Anyone with steady work and a desire to buy has, at one time or another, wondered about their credit rating. This is especially true if they are contemplating a big-ticket item like a car or house or a large loan. A more favorable credit score translates into more better loan interest rates and thousands of dollars saved compared to a less-favorable score. If you want the advertised interest rates you’d better be in a position to be a ‘well qualified buyer’. If not, you might still get the car or the house or the loan, but you’ll pay a lot more for the same thing.

As go consumer credit scores so go the same for political entities like towns and states and nations.
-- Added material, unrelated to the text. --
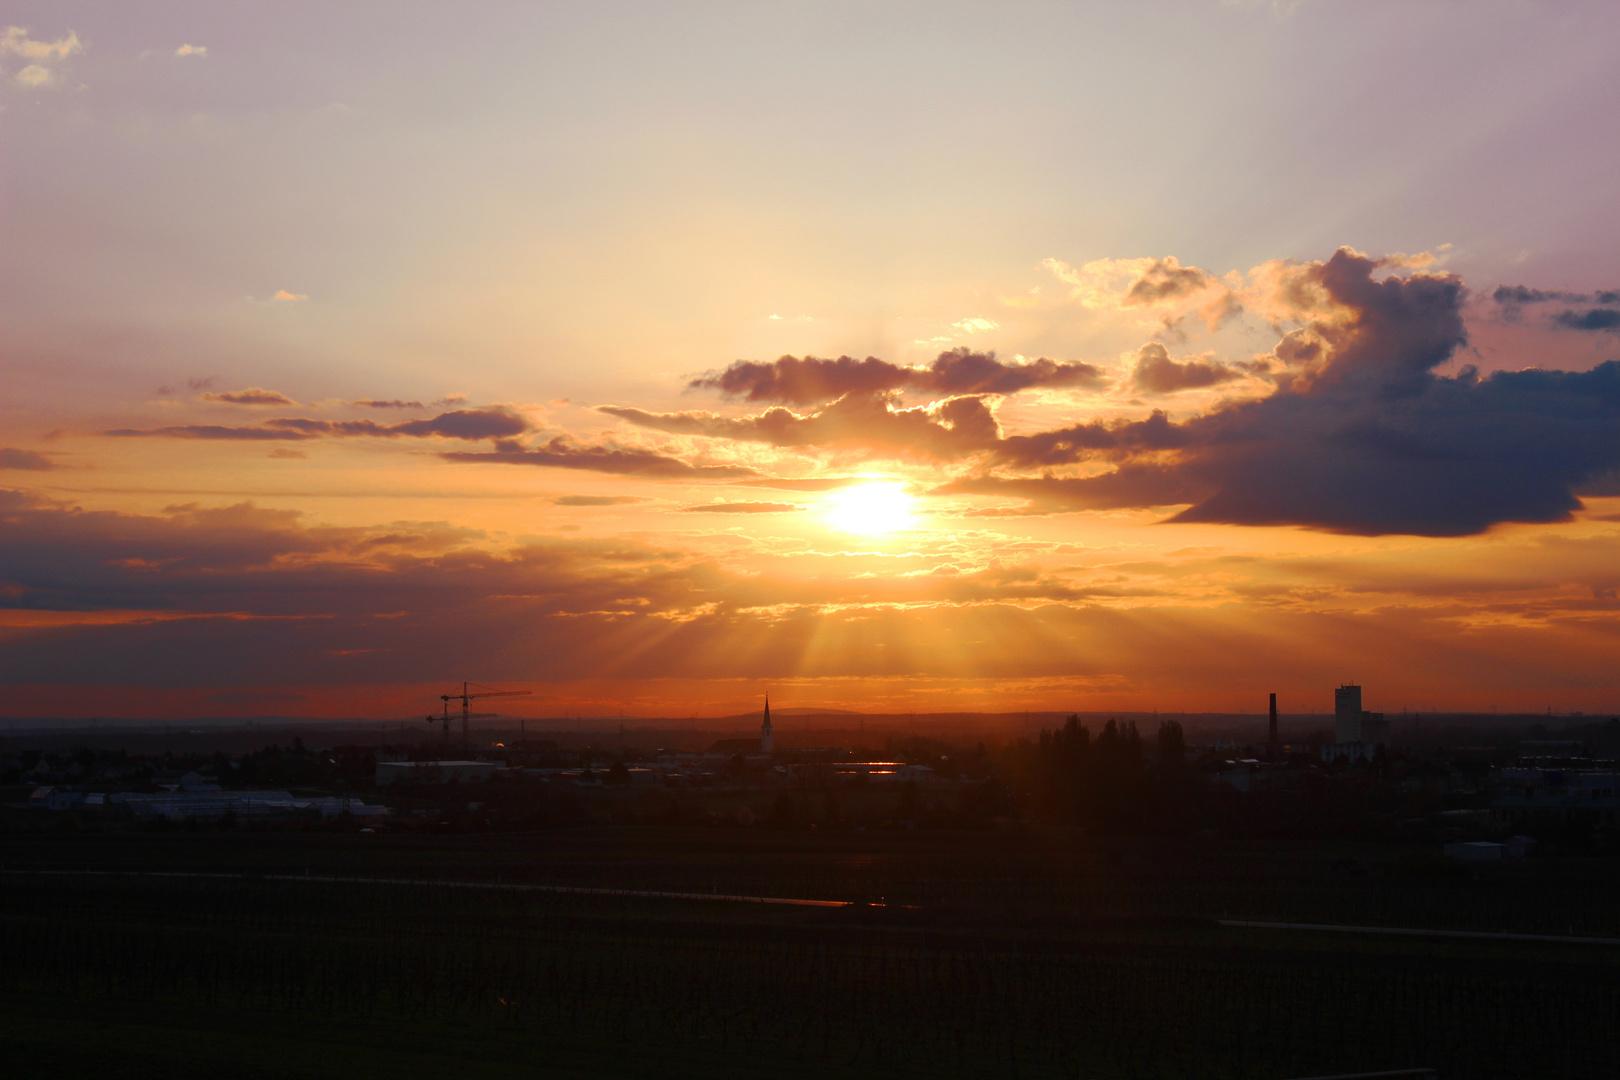 Sonnenaufgang *__*

After reading that my home state’s credit score was in danger of being lowered if the state took on any more debt, I became curious about the comparative credit ratings of the fifty states and how they stacked up against some national scores. How do the financial markets view my state? Is California the financial basket case it’s perceived to be? What’s the financial health of my state compared to other countries?

Thanks to Ben Schott at The New York Times, we can look at a chart and find the answers to these questions and many, many more. Some of the data is surprising, and depending on where you live, may be cause for concern the next time your state lawmakers get together. 

Apologies for the poor image quality, but the original is a GIF file and thus does not enlarge well.

While all US states are ‘A-listers’, California and Illinois are perilously close to falling out of that group. Both have credit ratings worse than countries such as Botswana, Chile, Israel, and Italy and are on par with the likes of Poland and Libya.

A state’s (or a country’s) credit rating has a direct impact on the citizens. Because the measure determines how much and at what rate money can be borrowed, and for some institutions whether funds can be lent at all, state spending that the voters may find desirable can’t be implemented, programs may be cut, taxes raised, or some combination thereof. The money has to come from somewhere. If you live in a state with a lower credit rating, and politicians start talking about spending money, you may want to ask yourself, and them, about the differences between cost, value, needs, and wants.